As we know, the Exercises serve as a way for us to get to know God more thoroughly and intimately. It is through this intimacy that we gain and grow trust and love.  Ignatius teaches us that to find union with God we should use those things that help us lovingly serve, and to let go of those things that don’t. If I wanted to trust and be intimate with God, I was going to need to be the type of vessel that finds ways to lovingly serve, regardless of my cancer. Anger, fear and self pity weren’t helping me to lovingly serve and so, as much as possible, I asked God to help me let them go.

            In their place, I filled my pot with relationships and volunteering. I worked on my relationships with my estranged family members that culminated in a celebratory family reunion this past summer. I started regularly volunteering at several places in my neighborhood. I became involved in some of my parish ministries which led to me make more friends and find more spiritual support and more avenues of service. At work, I worked on the Ignatian Day of Service planning committee and helped organize a new outreach program in my department. Although it has not been simple, and it has not always left me feeling comforted, I feel like I am living on purpose and with purpose, and living well.

            This is all a work in progress, of course. I still have times when the angry, fearful and self-pitying cancer vessel shows up.

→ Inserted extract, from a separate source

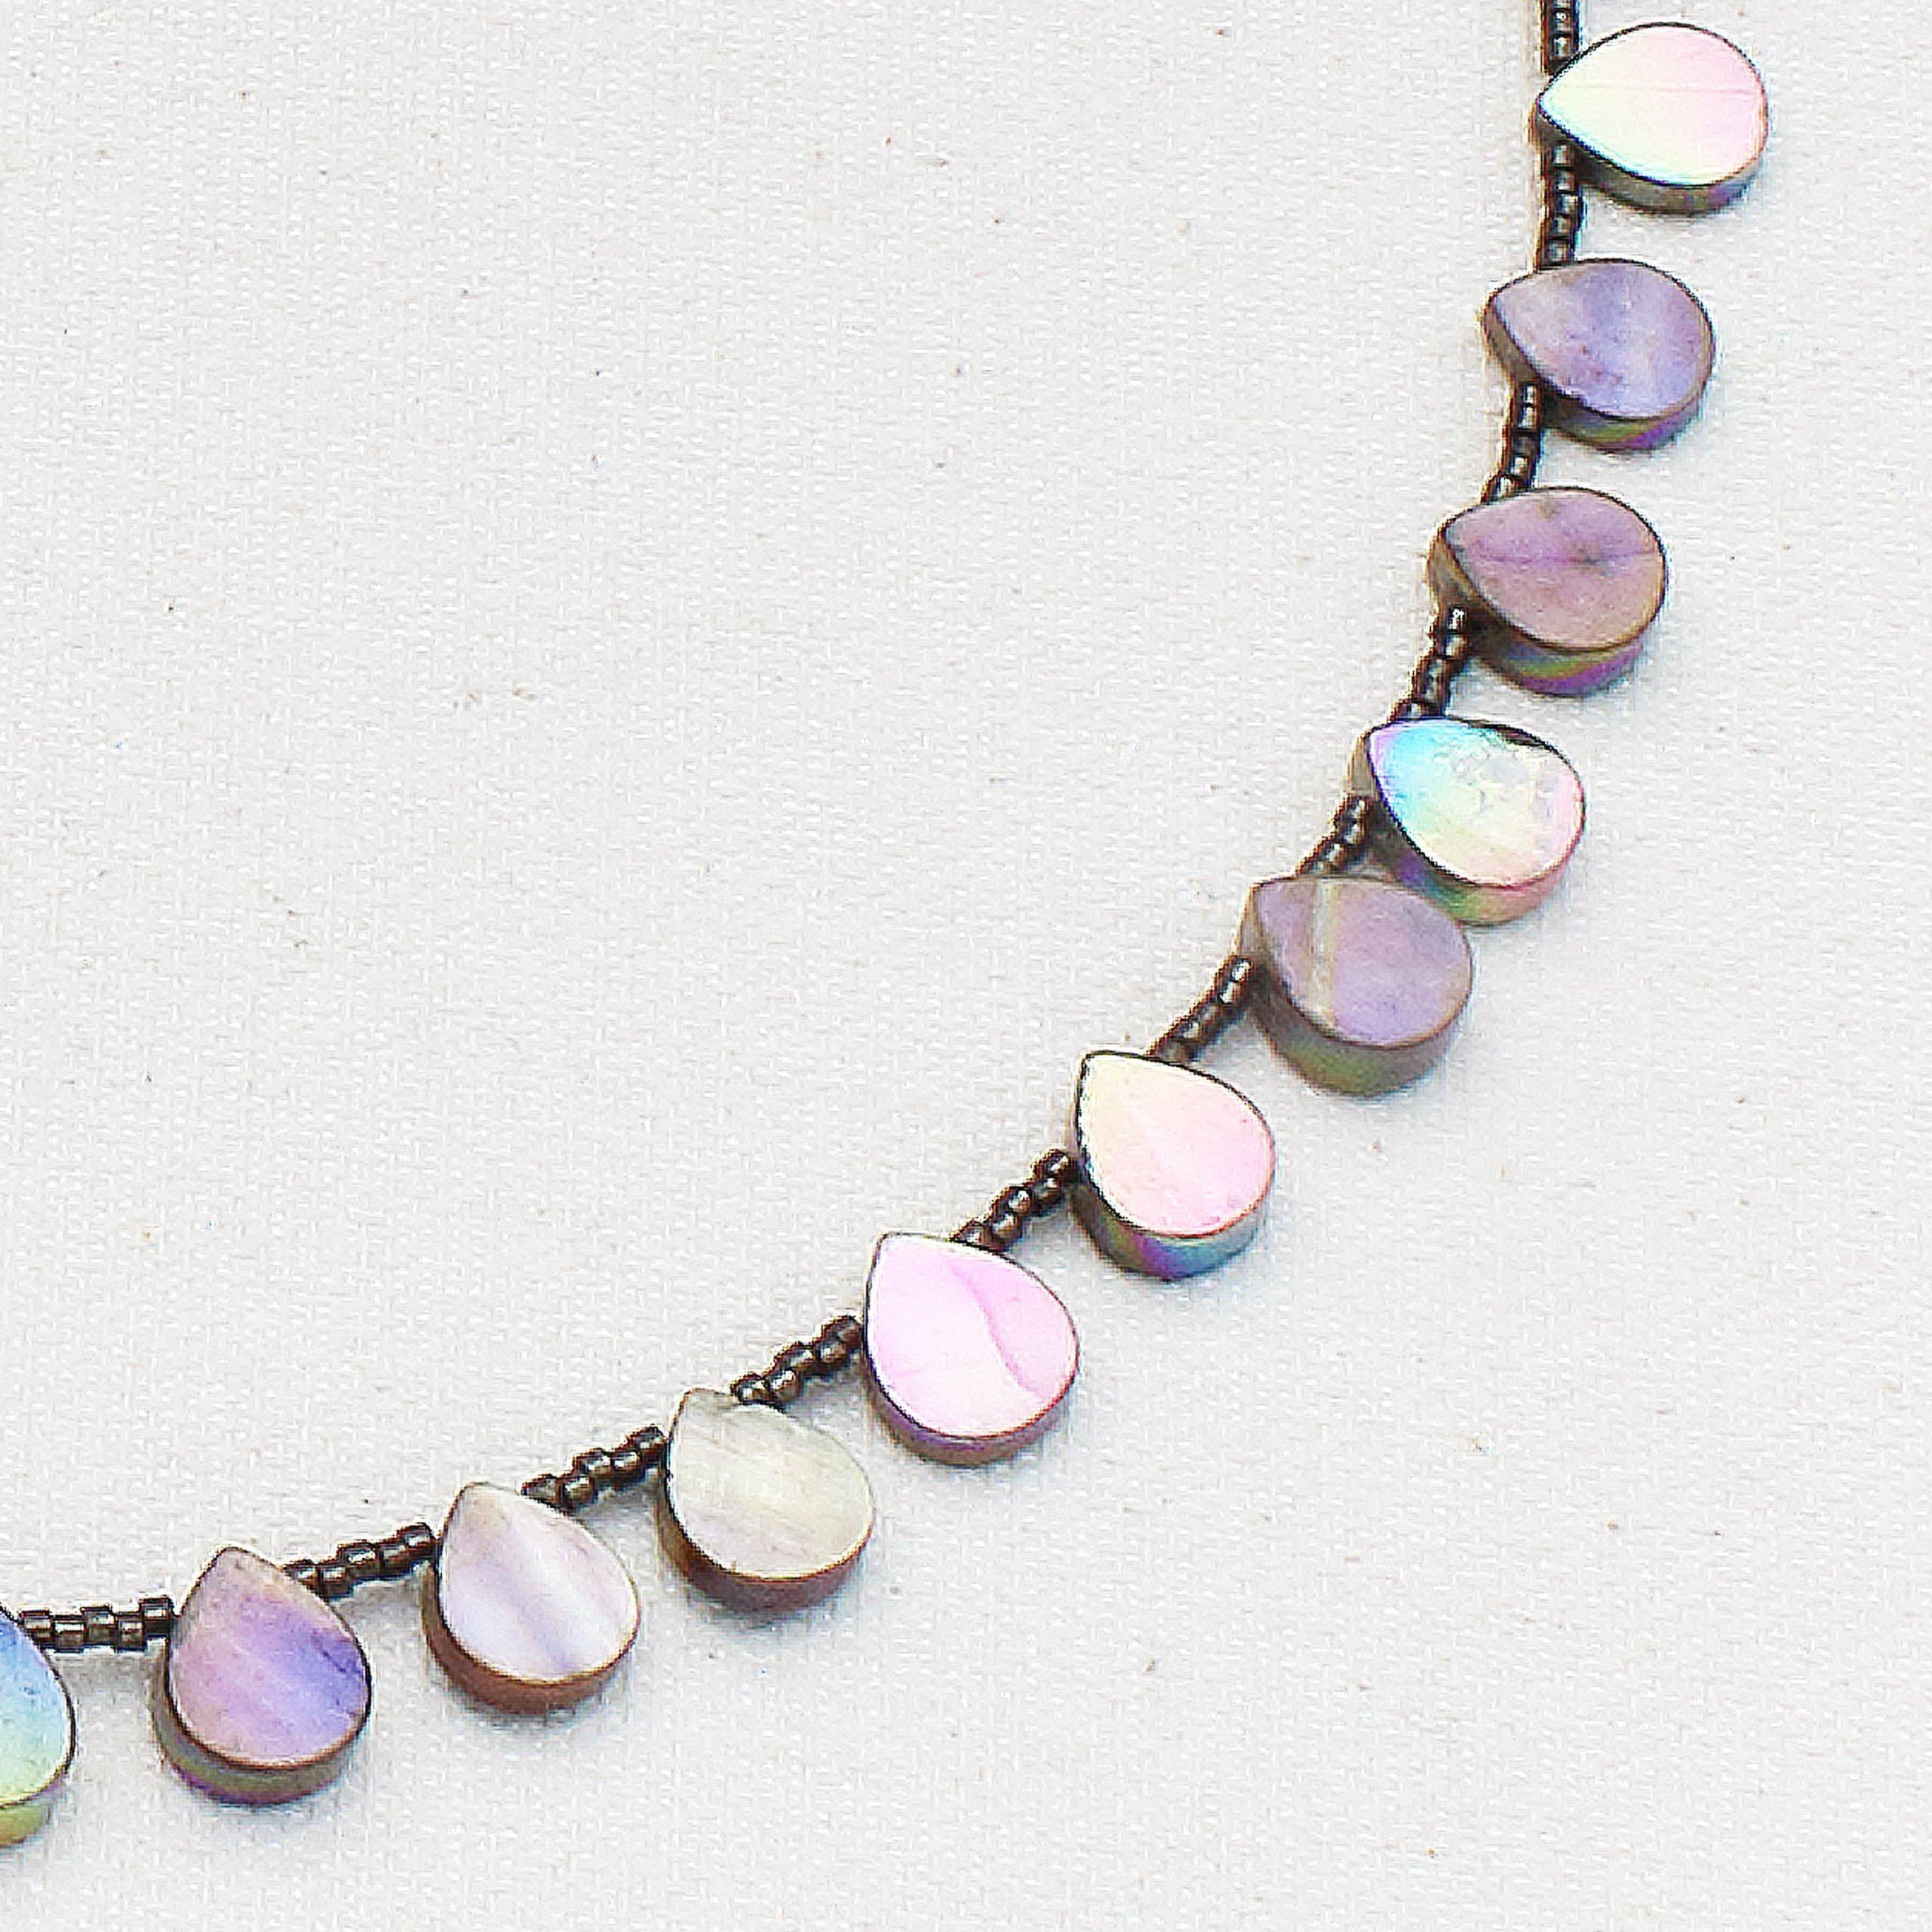 N627 - Teardrops Necklace

            But I am truly glad for my experience with the Exercises. It has  helped me to reconcile - with God, with others and with myself. And it has strengthened me. More valuable than physical healing, I believe that I experienced a spiritual renewal. Cancer happened to me, it happened in me, but it also happened for me, and for those around me, I think. Regardless of my prognosis and the progression of my disease, my hope is that I will continue to be the good vessel, filled with, carrying around and pouring out God’s love and service.